What is being asked =
Omitting all images, transcribe the listing word for word.
Information provided Block Start
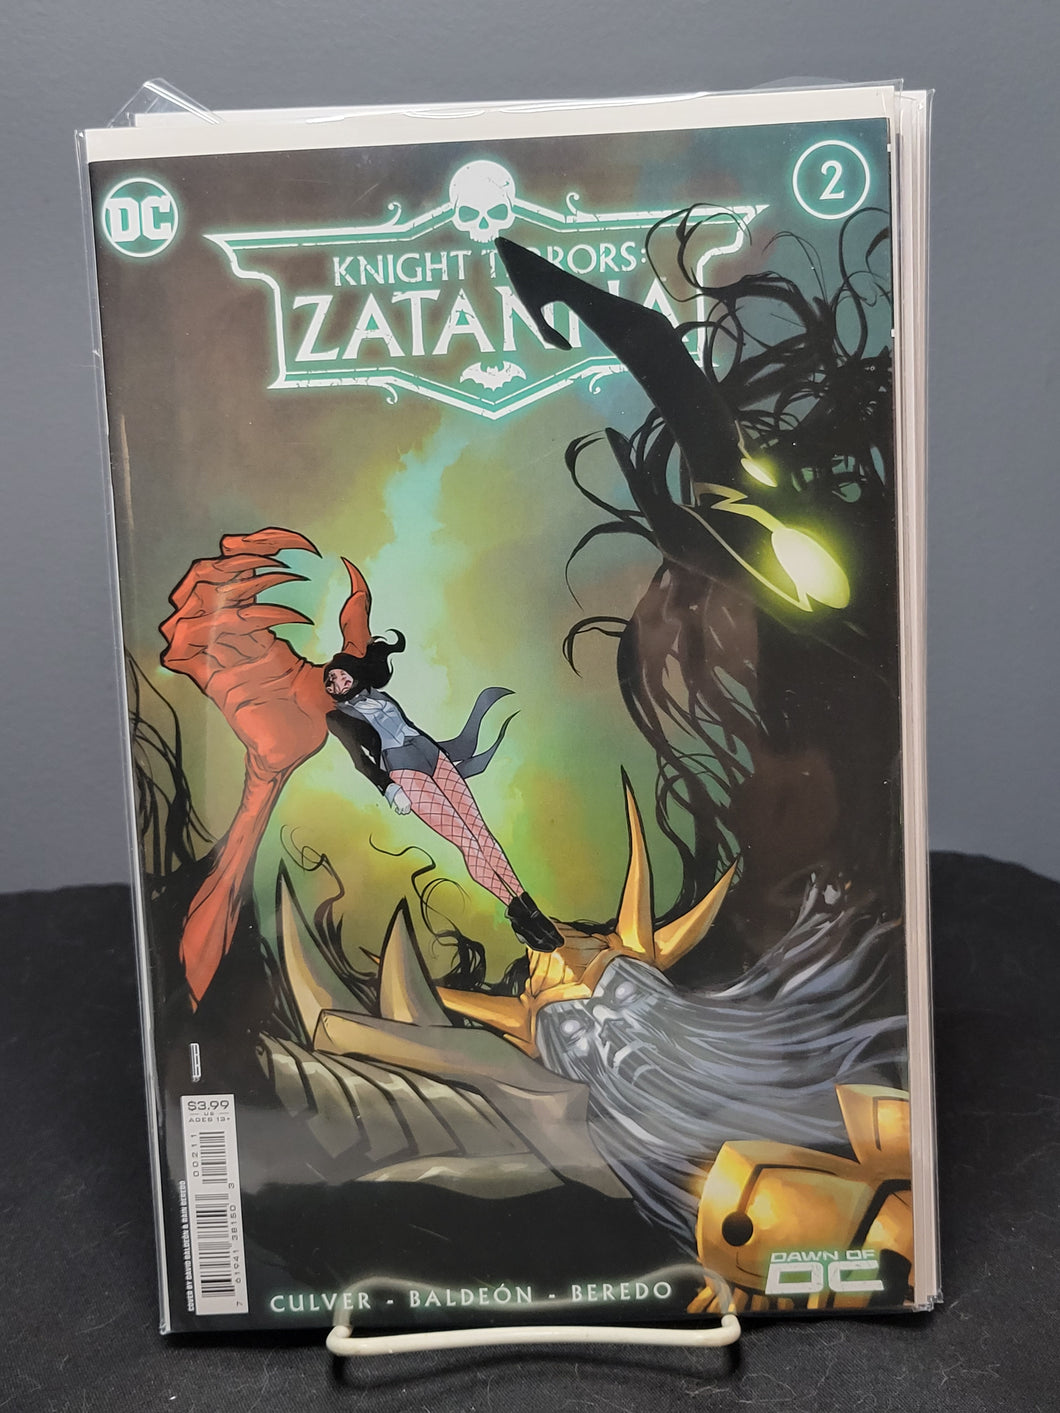 Knight Terrors: Zatanna #2
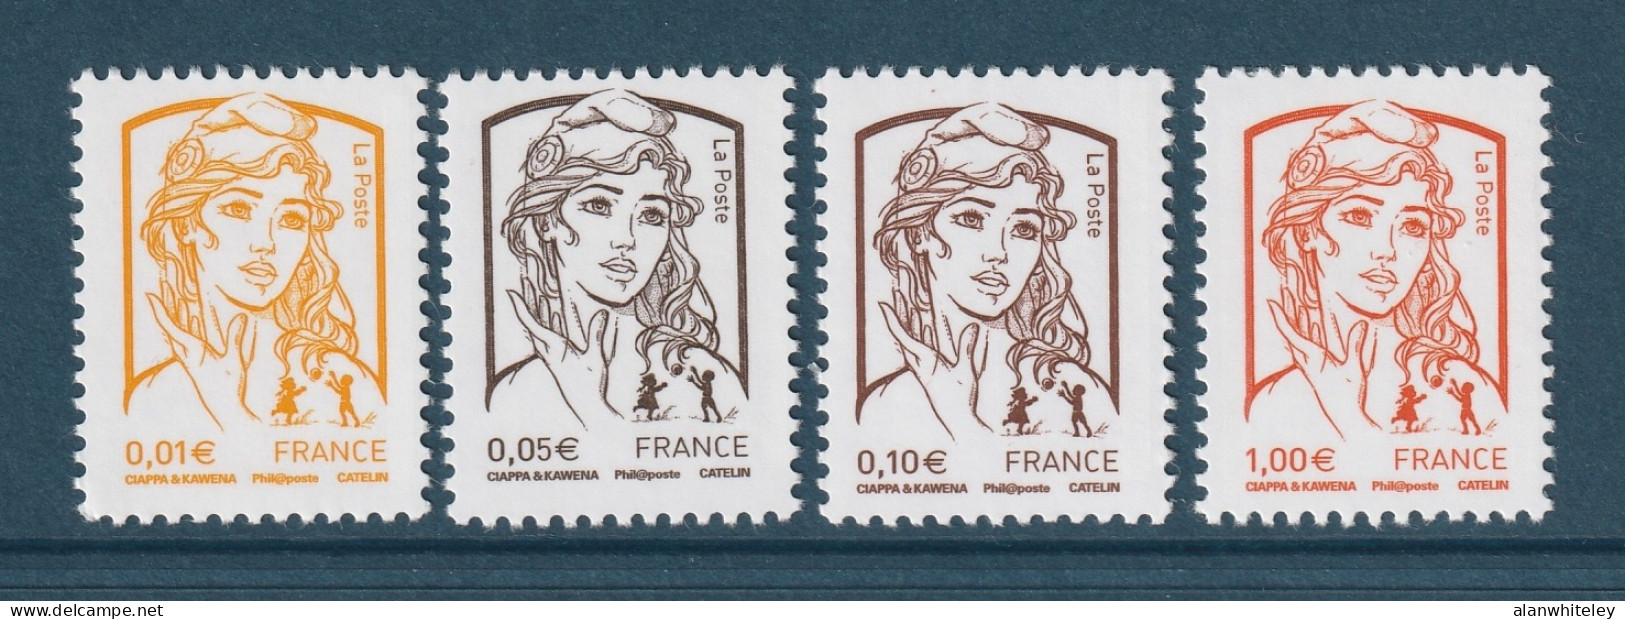 FRANCE 2013 Definitives / Marianne De Ciappa-Kawena 1c/5c/10c/€1: Set Of 4 Stamps UM/MNH - 2013-2018 Marianne De Ciappa-Kawena
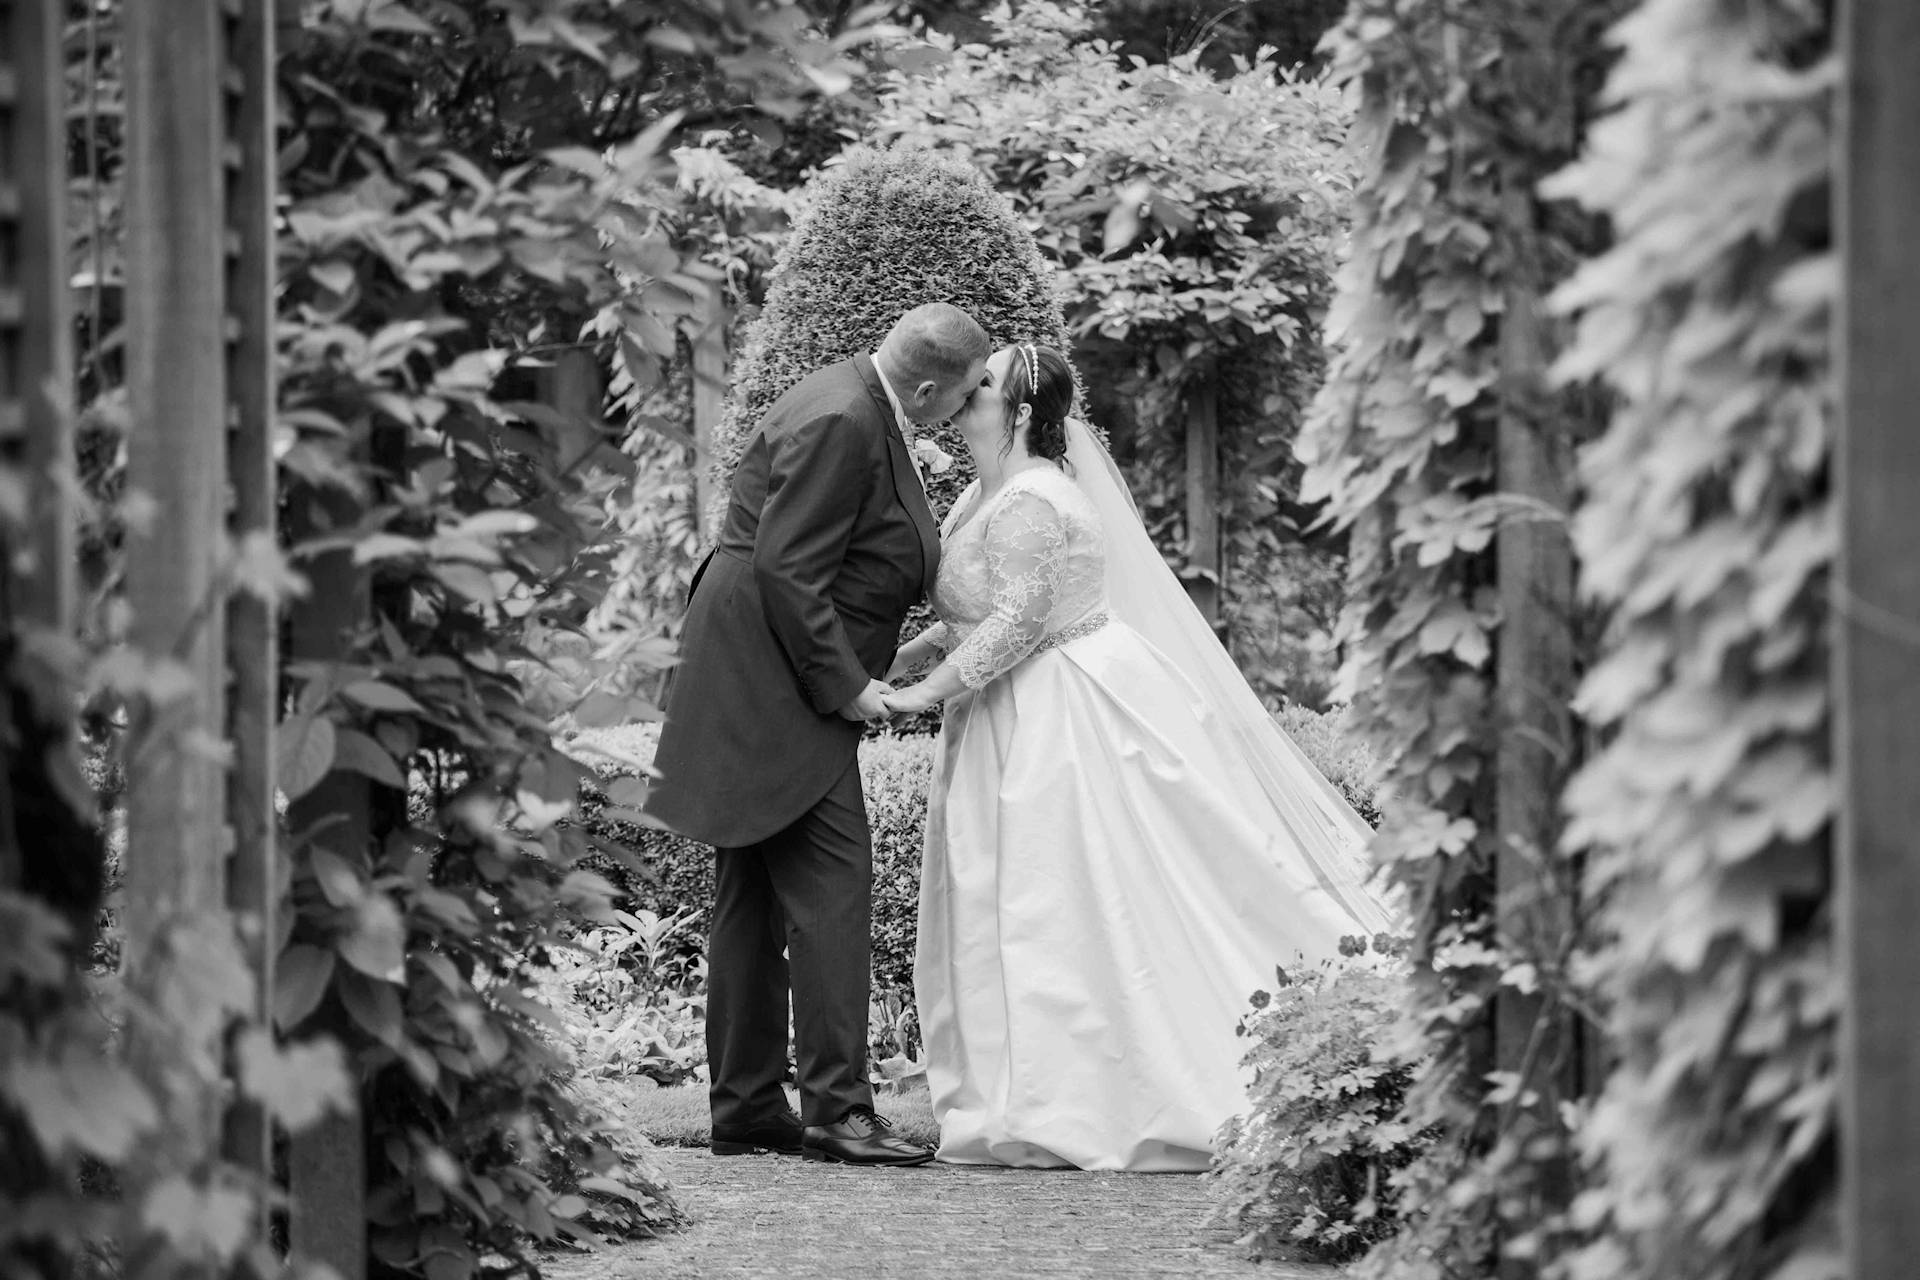 Bride & Groom in a garden at a Yorkshire wedding
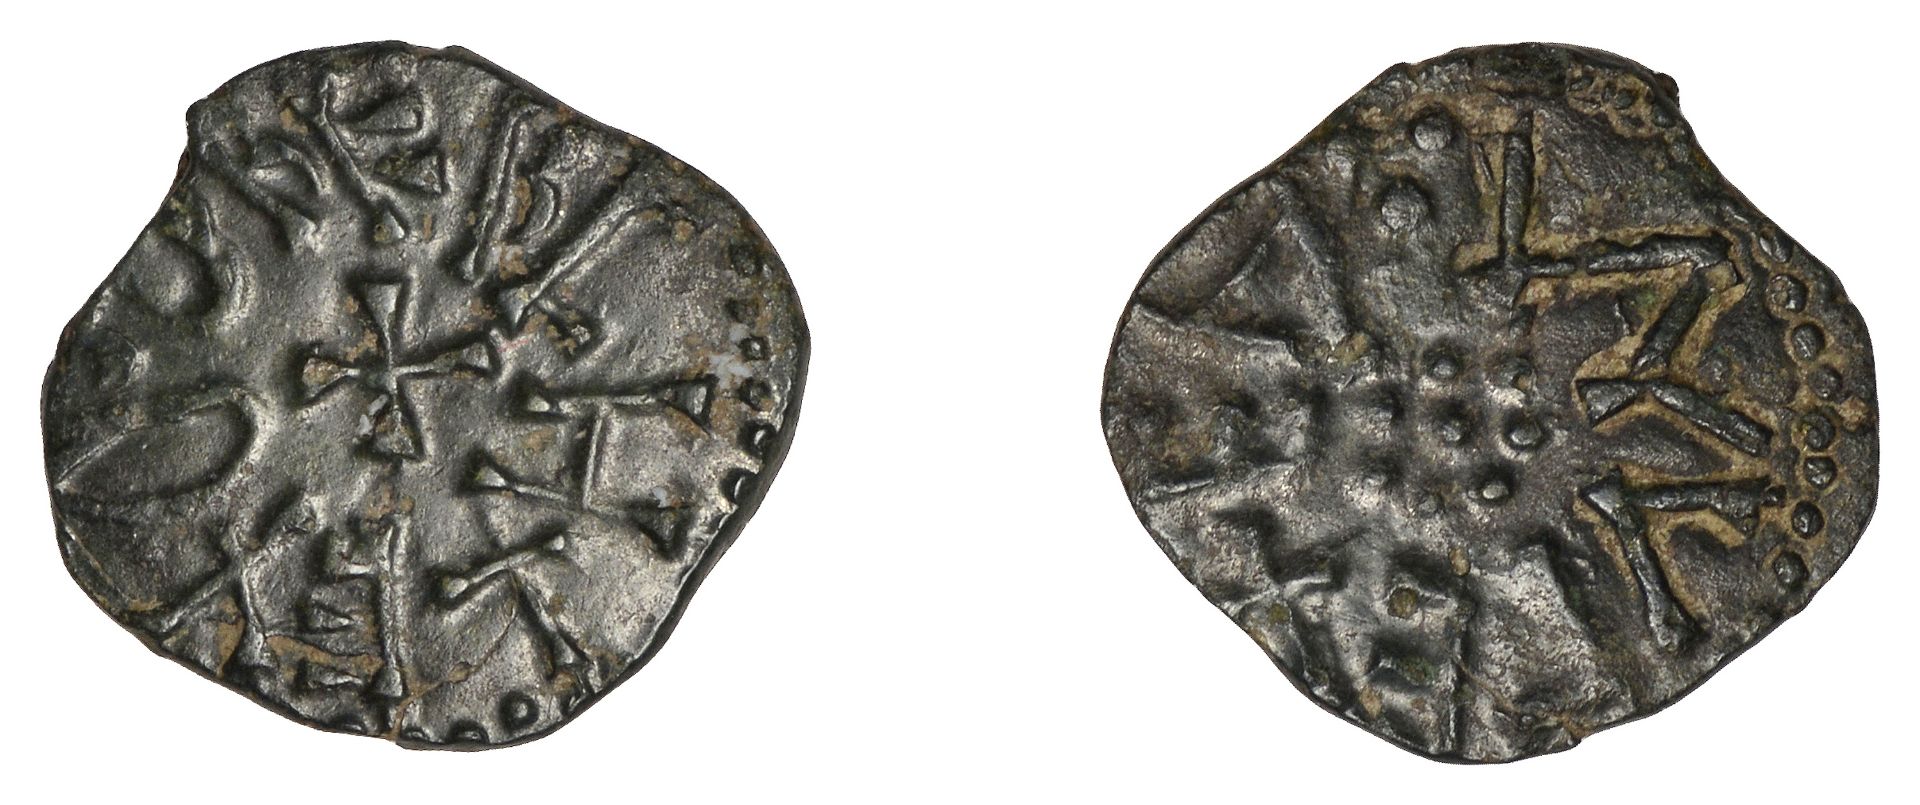 Kings of Northumbria, Osberht (849-67), Styca, Eanwulf, osbebchtex around cross, rev. ea:.nn...
Information provided Block End
Answer space =
 Knight Terrors: Zatanna #2
 FRANCE 2013 Definitives / Marianne De Ciappa-Kawena 1c/5c/10c/€1: Set Of 4 Stamps UM/MNH - 2013-2018 Marianne De Ciappa-Kawena
 Bride & Groom in a garden at a Yorkshire wedding
 Kings of Northumbria, Osberht (849-67), Styca, Eanwulf, osbebchtex around cross, rev. ea:.nn...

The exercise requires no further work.